Like that of Lagos, well-managed, democratic Ghana’s resource-driven economy is booming, meaning that for Togo and Benin, the two little backwaters sandwiched in between them, hopes of prosperity will increasingly mean hitching their fortunes to those of their far larger neighbors. This will steadily force French speakers in these countries to opt for English, at a minimum, as the language of business and opportunity. And the switch of colonial languages is likely to be merely the first step toward unprecedented integration.
In fact, many see Lagos’s creeping interpenetration of Benin as being already well under way, pointing to a 2003 incident as an important milestone. It involved an armed robber from neighboring Benin who attacked a car owned by a close friend of the sitting Nigerian president’s daughter. The bandit fled back to Benin to escape arrest, but Nigeria punitively closed its border, which essentially meant cutting off trade with Lagos, Benin’s lifeline. Within 72 hours the suspect was arrested and delivered to Nigerian authorities.

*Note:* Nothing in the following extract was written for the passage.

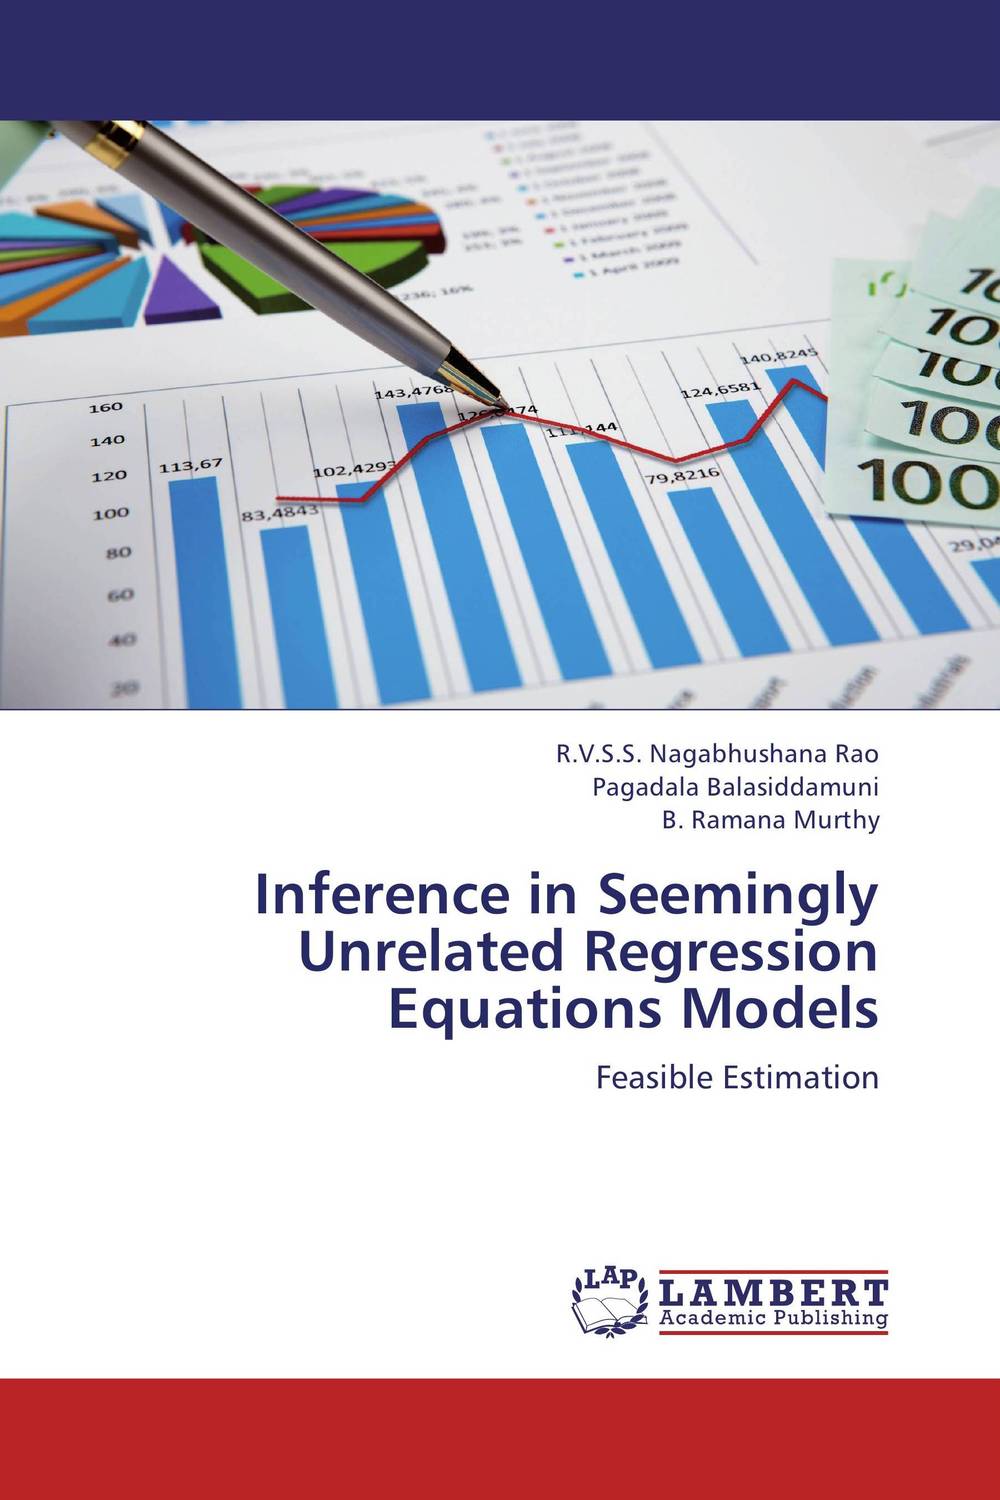 Inference in Seemingly Unrelated Regression Equations Models

“We already have houses on the border where the sitting room is in Nigeria and the bedroom is in Benin,” said F.A.D. Oyekunmi, a demographer at University of Lagos. “I think Benin will remain the Benin Republic, but the string of communities that will spring up along the Badagary Expressway, all the way to the border and beyond, will become the nucleus of one new, giant and integrated urban area — one economy.”
The biggest challenge posed by the growth of Lagos and the consolidation of an enormous, sub-regional economic zone around it, however, is not to the city’s minuscule neighbors. Rather, it is to Nigeria’s continued existence as a unitary nation.
If present trends continue, in another decade or two, Lagos’s economy will surpass the size of the rest of Nigeria.
What has held the country together in the past, however tenuously, is the redistribution of money earned from the country’s oil exports. But this is changing fast, as Lagos booms and its dependence on this ever more thinly sliced revenue — what Nigerian politicians call the “national cake” — dwindles.
“If [Lagos’s] GDP continues to rise the way it is, the federal contribution to [the city] could shrink to 5 percent,” Folarin Gbadebo-Smith, the director of a leading independent Nigerian think tank, the Center for Policy Alternatives told me in an interview in his stylish offices. “What you would end up with is a virtual country. All of the parameters, absent an army, police and currency of your own, are there. We are good to go.”
Not everyone agrees that Lagos can achieve this kind of autonomy through economic change alone. But as strong as it is, growth may only be the second most important challenge the city poses to the nation.